During the Renaissance, Italian, particularly the Tuscan variety that became the basis of standard Italian, was considered the lingua franca among the European elite and royal courts, especially in cultural and intellectual circles. The literary authority of figures such as Dante Alighieri, Petrarch and Giovanni Boccaccio established Italian as a major language of humanist scholarship and literature. Moreover, the political and economic influence of Italian city-states like the Republic of Florence and the Republic of Venice attracted diplomats, merchants, artists, and scholars from across Europe, many of whom engaged with Italian as a language of culture, commerce, and artistic exchange. While Latin remained the primary language of formal scholarship and diplomacy, Italian functioned as an important vernacular medium within elite artistic, literary, and courtly environments during that period.

From the 17th century onward, Italian became the principal lingua franca of European music, particularly in opera and classical composition. Because Italy was the birthplace of opera and a leading center of musical innovation, its terminology was adopted internationally. Composers such as Claudio Monteverdi and later Antonio Vivaldi helped solidify Italian’s prestige, and musical terms became standard across Europe.

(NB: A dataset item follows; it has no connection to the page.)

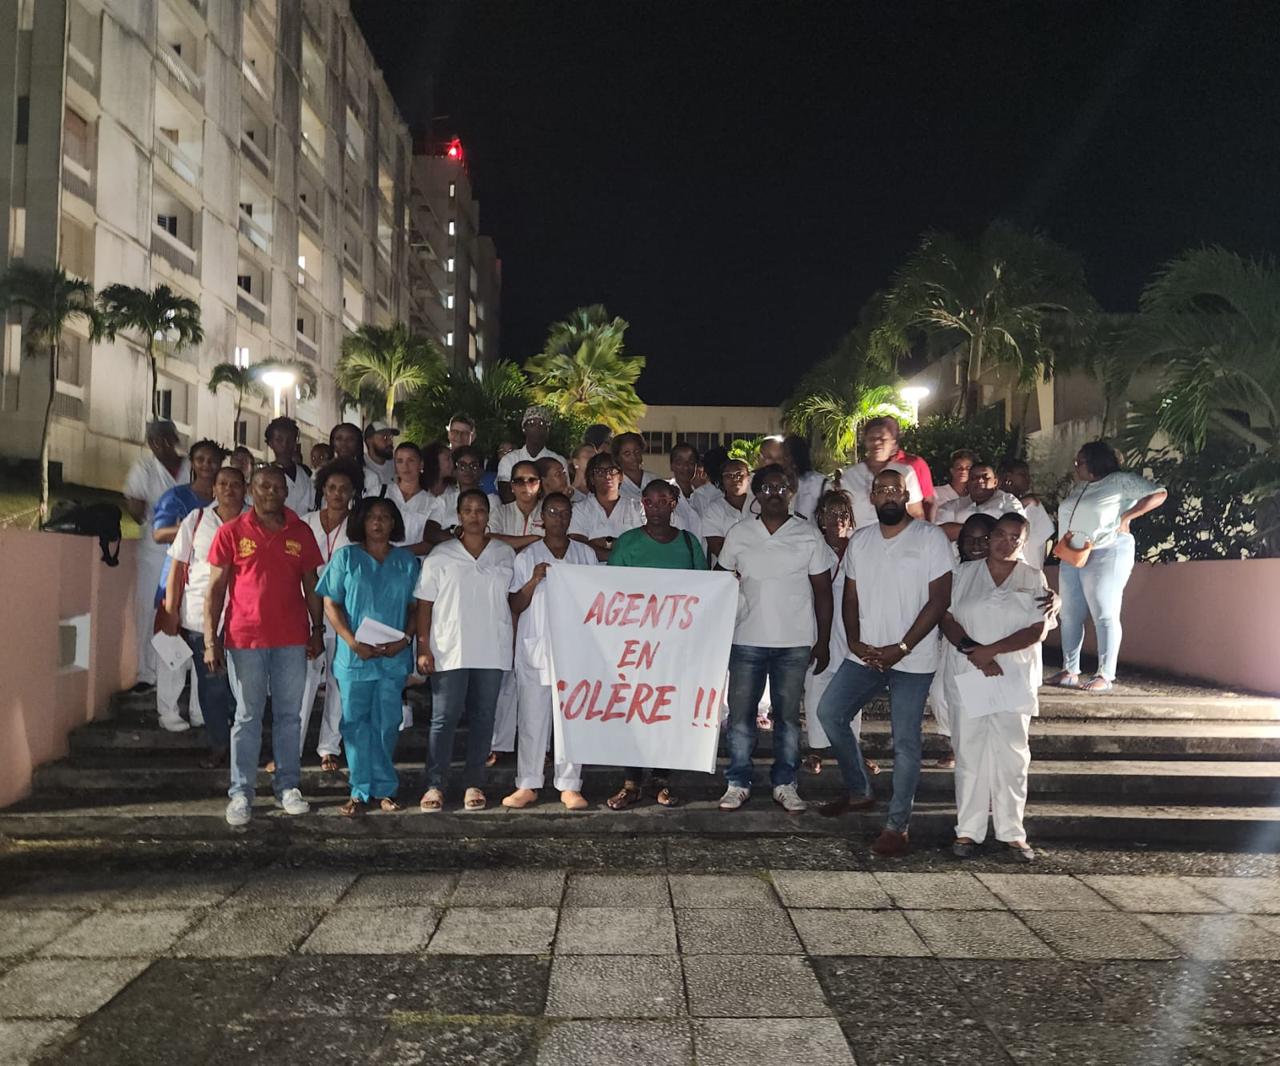     Les agents de nuit du CHU de Martinique mobilisés

Today, Italian is the main working language of the Holy See, serving as the lingua franca in the Roman Catholic hierarchy and the official language of the Sovereign Military Order of Malta. Italian influence led to the development of derivated languages and dialects worldwide. It is also widespread in various sectors and markets, with its loanwords used in arts, luxury goods, fashion, sports and cuisine; it has a significant use in musical terminology and opera, with numerous Italian words referring to music that have become international terms taken into various languages worldwide, including in English.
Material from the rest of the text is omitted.